Author: [email protected]
Date: Thu Jan  8 04:40:47 2009
New Revision: 1047

Modified:
    branches/bleeding_edge/src/bytecodes-irregexp.h
    branches/bleeding_edge/src/interpreter-irregexp.cc
    branches/bleeding_edge/src/jsregexp.cc
    branches/bleeding_edge/src/jsregexp.h
    branches/bleeding_edge/src/regexp-macro-assembler-ia32.cc
    branches/bleeding_edge/src/regexp-macro-assembler-ia32.h
    branches/bleeding_edge/src/regexp-macro-assembler-irregexp.cc
    branches/bleeding_edge/src/regexp-macro-assembler-irregexp.h
    branches/bleeding_edge/src/regexp-macro-assembler-tracer.cc
    branches/bleeding_edge/src/regexp-macro-assembler-tracer.h
    branches/bleeding_edge/src/regexp-macro-assembler.h
    branches/bleeding_edge/test/cctest/test-regexp.cc

Log:
Added check that bails out of a repetition when the body is empty.

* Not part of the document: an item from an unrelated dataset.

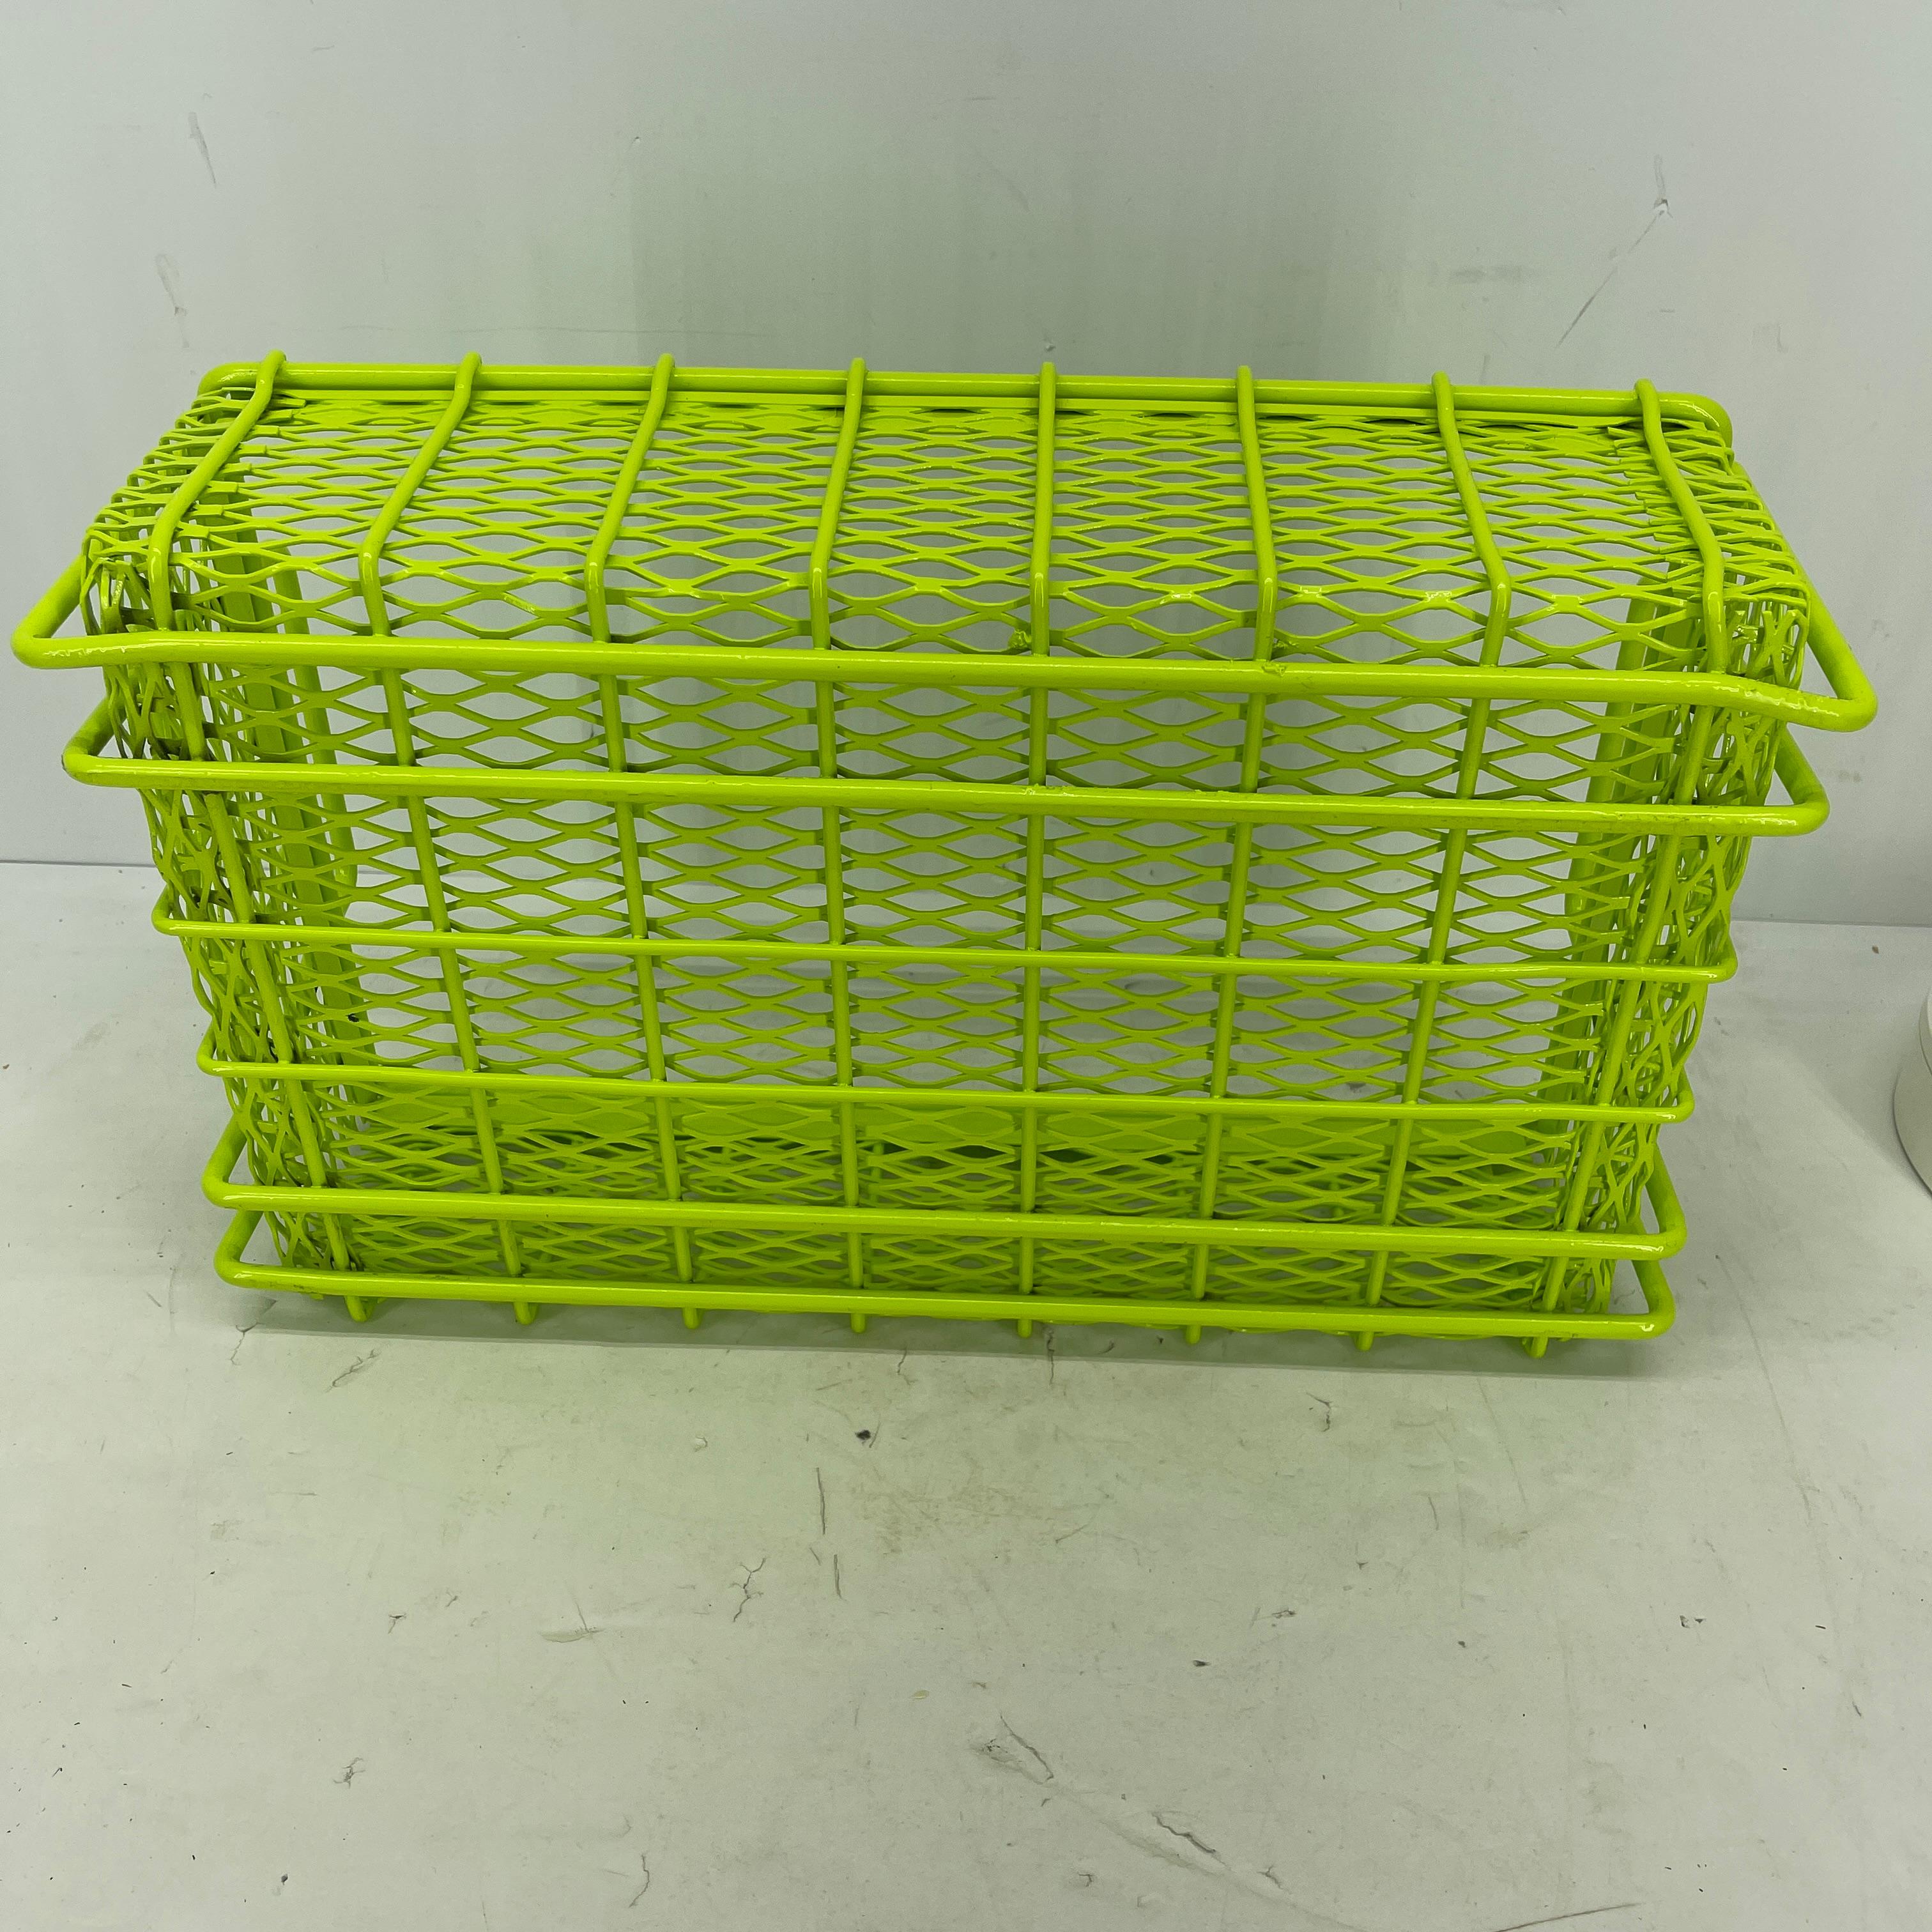 Industrial Era Metal Storage Bins, Powder Coated Bright Chartreuse For Sale 4

Modified: branches/bleeding_edge/src/bytecodes-irregexp.h
==============================================================================
--- branches/bleeding_edge/src/bytecodes-irregexp.h     (original)
+++ branches/bleeding_edge/src/bytecodes-irregexp.h     Thu Jan  8 04:40:47 2009
@@ -71,8 +71,9 @@
  V(LOOKUP_HI_MAP8,    36, 99) /* l_himap8 start8 byte_map_addr32  
addr32*     */ \
  V(CHECK_REGISTER_LT, 37, 8) /* check_reg_lt register_index value16  
addr32   */ \
  V(CHECK_REGISTER_GE, 38, 8) /* check_reg_ge register_index value16  
addr32   */ \
-V(CHECK_NOT_AT_START, 39, 5) /* check_not_at_start  
addr32                   */ \
-V(CHECK_GREEDY,      40, 5) /* check_greedy  
addr32                          */
+V(CHECK_REGISTER_EQ_POS, 39, 6) /* check_register_eq_pos index  
addr32       */ \
+V(CHECK_NOT_AT_START, 40, 5) /* check_not_at_start  
addr32                   */ \
+V(CHECK_GREEDY,      41, 5) /* check_greedy  
addr32                          */

  #define DECLARE_BYTECODES(name, code, length) \
    static const int BC_##name = code;

Modified: branches/bleeding_edge/src/interpreter-irregexp.cc
==============================================================================
--- branches/bleeding_edge/src/interpreter-irregexp.cc  (original)
+++ branches/bleeding_edge/src/interpreter-irregexp.cc  Thu Jan  8 04:40:47  
2009
@@ -379,6 +379,13 @@
            pc += BC_CHECK_REGISTER_GE_LENGTH;
          }
          break;
+      BYTECODE(CHECK_REGISTER_EQ_POS)
+        if (registers[pc[1]] == current) {
+          pc = code_base + Load32(pc + 2);
+        } else {
+          pc += BC_CHECK_REGISTER_EQ_POS_LENGTH;
+        }
+        break;
        BYTECODE(LOOKUP_MAP1) {
          // Look up character in a bitmap.  If we find a 0, then jump to the
          // location at pc + 7.  Otherwise fall through!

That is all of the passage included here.